High state revenues could fuel campaign to cut taxes in General Assembly | Government and politics
“The Hoosiers have made it clear that they don’t want more government in their lives and they don’t want more spending from us,” Huston said Thursday.
“We are probably facing $ 5 billion in reserves and a structural surplus of $ 2 billion. It would be irresponsible to develop the government. As part of our tax cut plan, we will be giving back about $ 1.3 billion. of dollars in Hoosiers’ pockets while continuing to protect Indiana’s financial future. “
The House GOP’s tax cut proposal calls for a gradual reduction in the state’s personal income tax rate to 3% by 2026, from 3.23% currently.
Under the plan, the rate would drop to 3.15% in 2023, 3.10% in 2024, 3.05% in 2025 and finally to 3%.
This means that a Hoosier earning $ 50,000 a year would see their current annual tax burden of $ 1,615 drop to $ 1,575 in 2023, $ 1,550 in 2024, $ 1,525 in 2025 and $ 1,500 in 2026.

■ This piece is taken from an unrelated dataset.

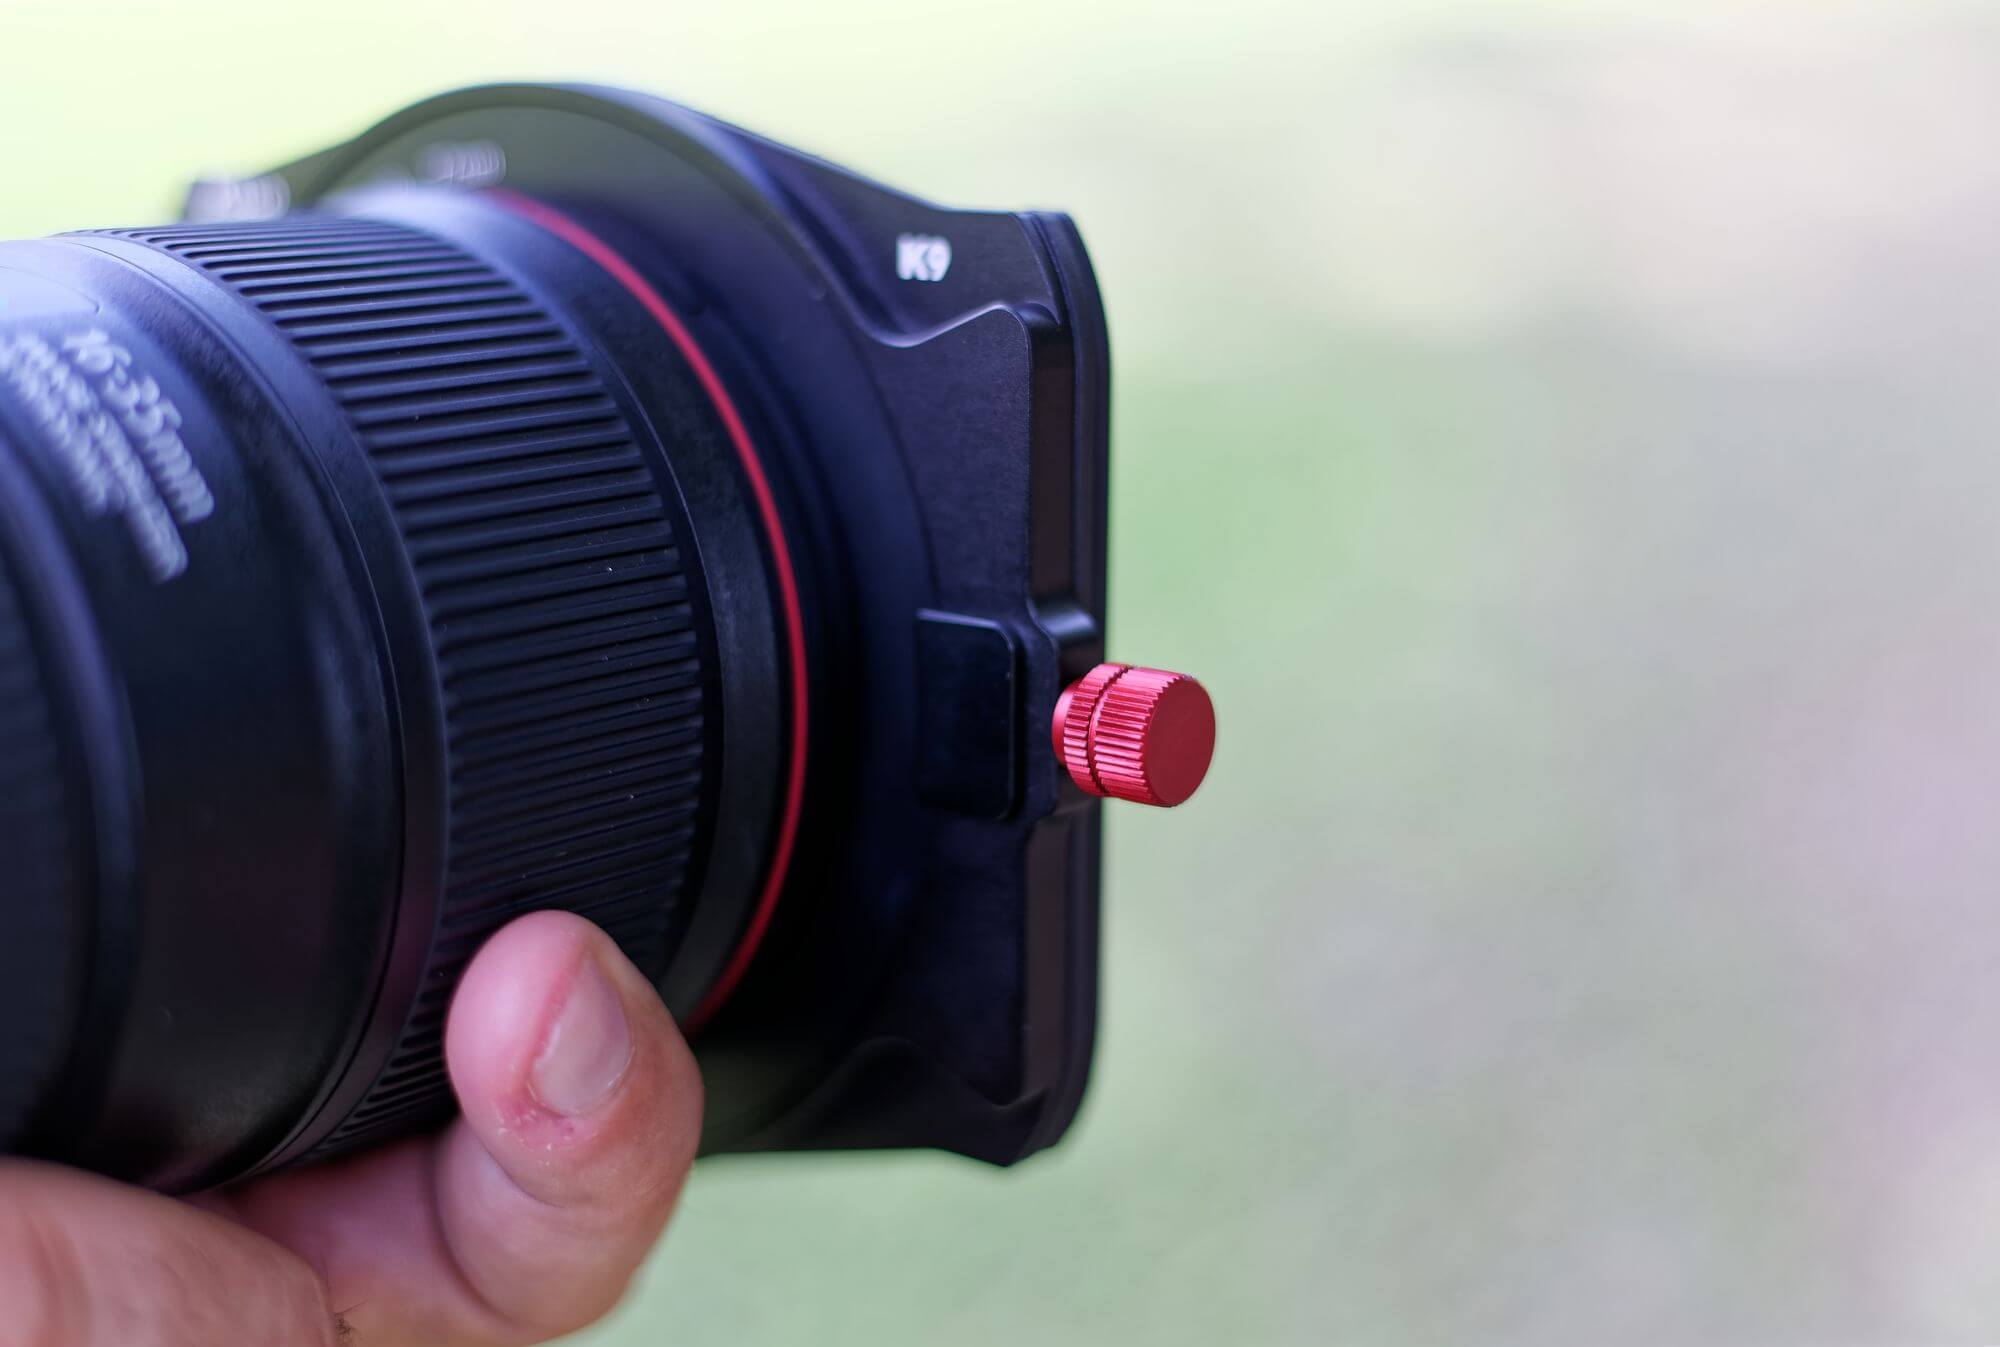 porte filtre kase et molette réglage

The measure also eliminates the utility revenue tax from Hoosier’s electricity bills and encourages companies to invest in new equipment by exempting more production inputs from the 7% sales tax and eliminating the minimum assessment of 30% on equipment subject to corporate property tax.
“It’s not just about 2022. It’s about preparing for the long term,” Huston said. “We want to be responsible for these tax cuts… but we can be thoughtful and responsible and get the money back into the hands of the Hoosiers.”